Python >= 3.7 compatible.

Summary

Installation

  • Install gazouilloire

    pip install gazouilloire
    
  • Install ElasticSearch, version 7.X (you can also use Docker for this)

  • Init gazouilloire collection in a specific directory...

    gazou init path/to/collection/directory
    
  • ...or in the current directory

    gazou init
    

a config.json file is created. Open it to configure the collection parameters.

Quick start

  • Set your Twitter API key and generate the related Access Token

    "twitter": {
        "key": "<Consumer Key (API Key)>xxxxxxxxxxxxxxxxxxxxx",
        "secret": "<Consumer Secret (API Secret)>xxxxxxxxxxxxxxxxxxxxxxxxxxxxxxxxxxxxxxxxxxx",
        "oauth_token": "<Access Token>xxxxxxxxx-xxxxxxxxxxxxxxxxxxxxxxxxxxxxxxxxxxxxxxxx",
        "oauth_secret": "<Access Token Secret>xxxxxxxxxxxxxxxxxxxxxxxxxxxxxxxxxxxxxxxxx"
    }
    
  • Set your ElasticSearch connection (host & port) within the database section and choose a database name that will host your corpus' index:

    "database": {
        "host": "localhost",
        "port": 9200,
        "db_name": "medialab-tweets"
    }
    

Note that ElasticSearch's databases names must be lowercased and without any space or accented character.

  • Write down the list of desired keywords and @users and/or the list of desired url_pieces as json arrays:

    "keywords": [
        "amour",
        "\"mots successifs\"",
        "@medialab_scpo"
    ],
    "url_pieces": [
        "medialab.sciencespo.fr/fr"
    ],
    

    Read below the advanced settings section to setup more filters and options or to get precisions on how to properly write your queries within keywords.

  • Start the collection by typing the following command in your terminal:

    gazou run
    

    or, if the config file is located in another directory than the current one:

    gazou run path/to/collection/directory
    

    Read below the daemon section to let gazouilloire run continuously on a server and how to set up automatic restarts.

Disk space

Before starting the collection, you should make sure that you will have enough disk space. It takes about 1GB per million tweets collected (without images and other media contents).

You should also consider starting gazouilloire in multi-index mode if the collection is planed to exceed 100 million tweets, or simply restart your collection in a new folder and a new db_name (i.e. open another ElasticSearch index) if the current collection exceeds 150 million tweets.

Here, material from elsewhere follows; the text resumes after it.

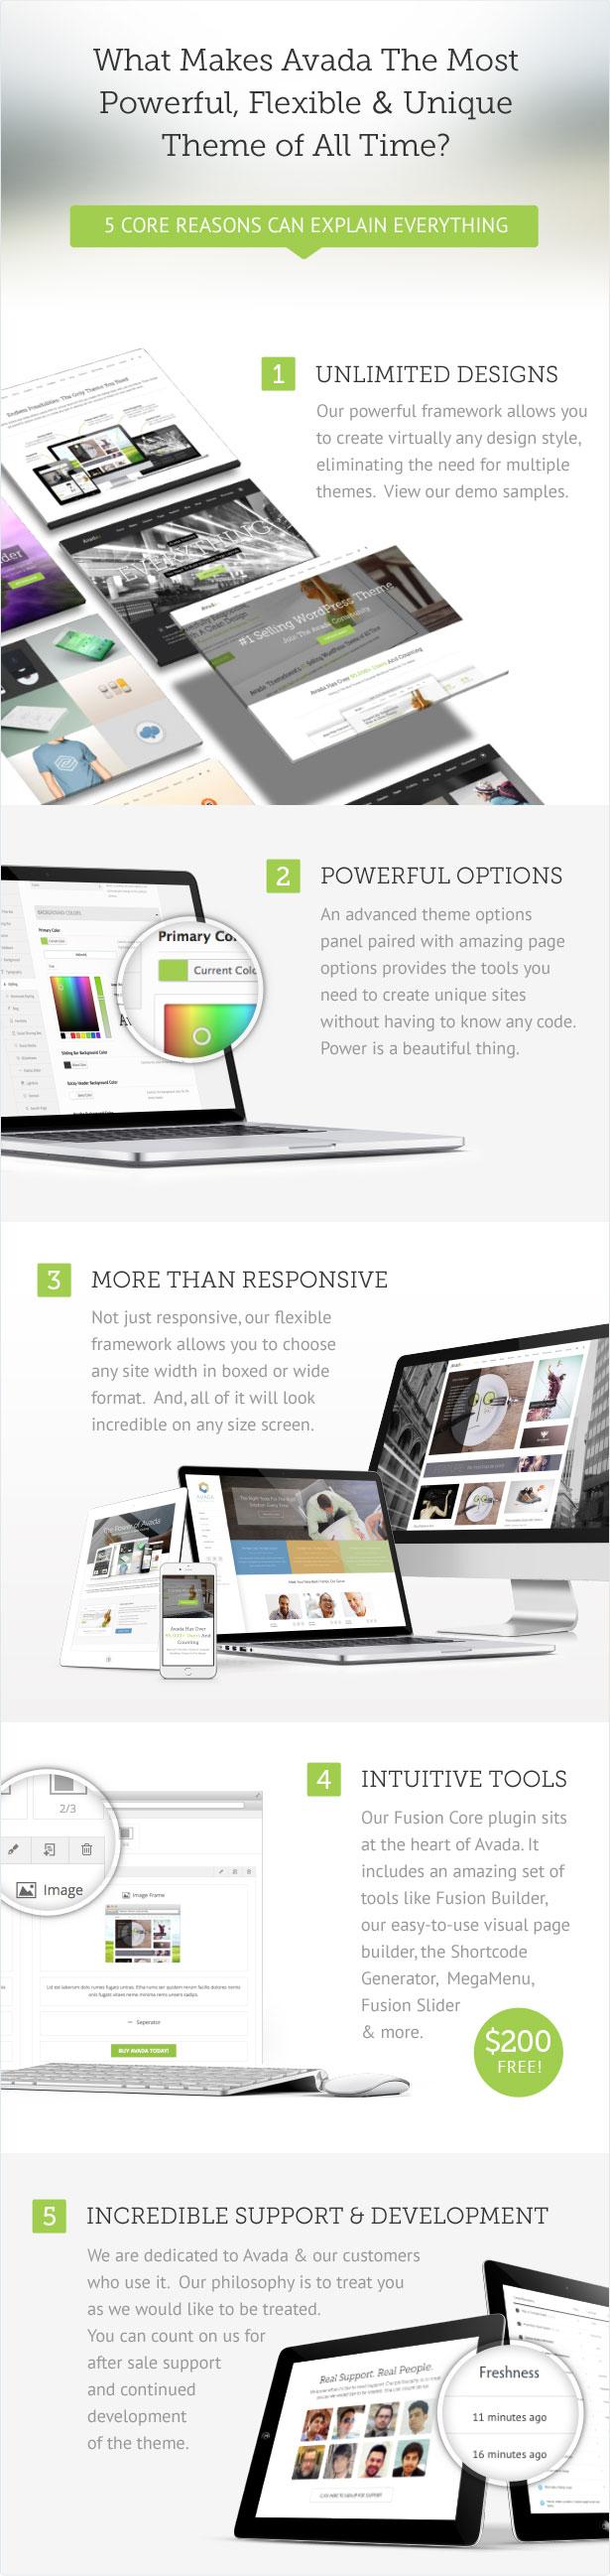 avada9 - Avada | Responsive Multi-Purpose Theme
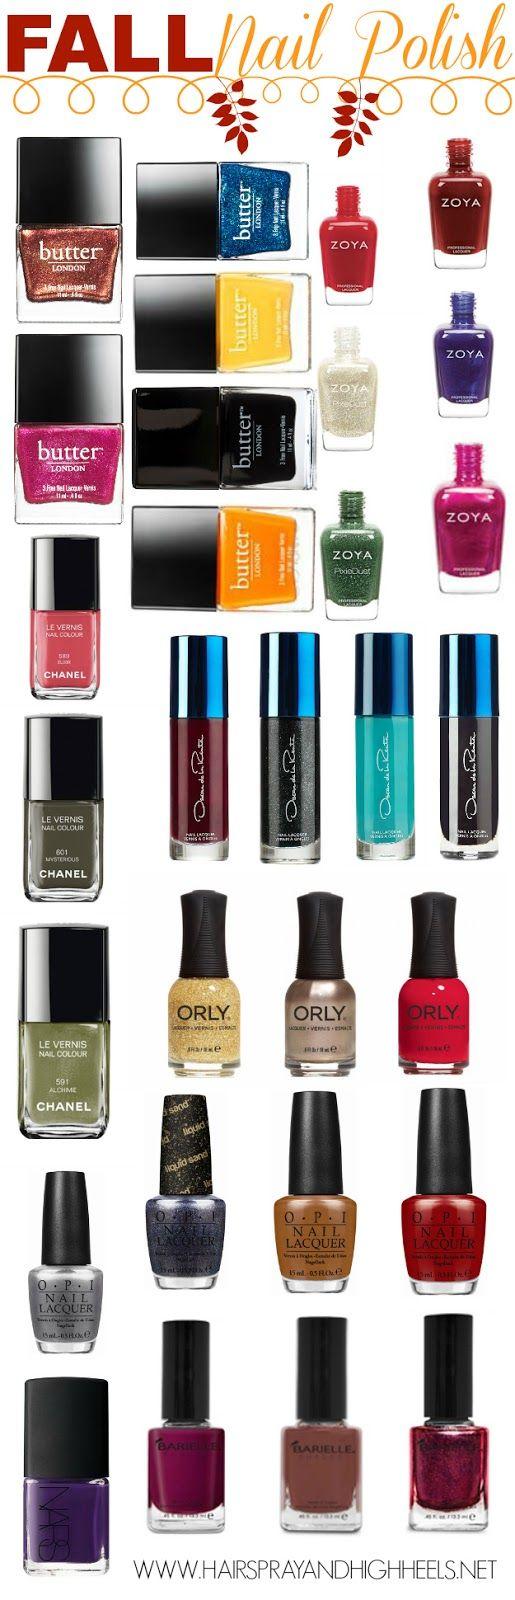 Fall Nail Polish Picks! The perfect fall nail polish colors that will be perfect for the whole season! #nails #beauty

As a point of comparison, here is the number of tweets sent during the whole year 2021 containing certain keywords (the values were obtained with the API V2 tweets count endpoint):

Query Number of tweets in 2021
lemondefr lang:fr 3 million
macron lang:fr 21 million
vaccine 176 million

Export the tweets in CSV format

  • Data is stored in your ElasticSearch, which you can direcly query. But you can also export it easily in CSV format:

    # Export all fields from all tweets:
    gazou export
    
  • By default, the export command writes in stdout. You can also use the -o option to write into a file:

    gazou export > my_tweets_file.csv
    # is equivalent to
    gazou export -o my_tweets_file.csv
    

    Although if you interrupt the export and need to resume it to complete in multiple sequences, only the -o option will work with the --resume option.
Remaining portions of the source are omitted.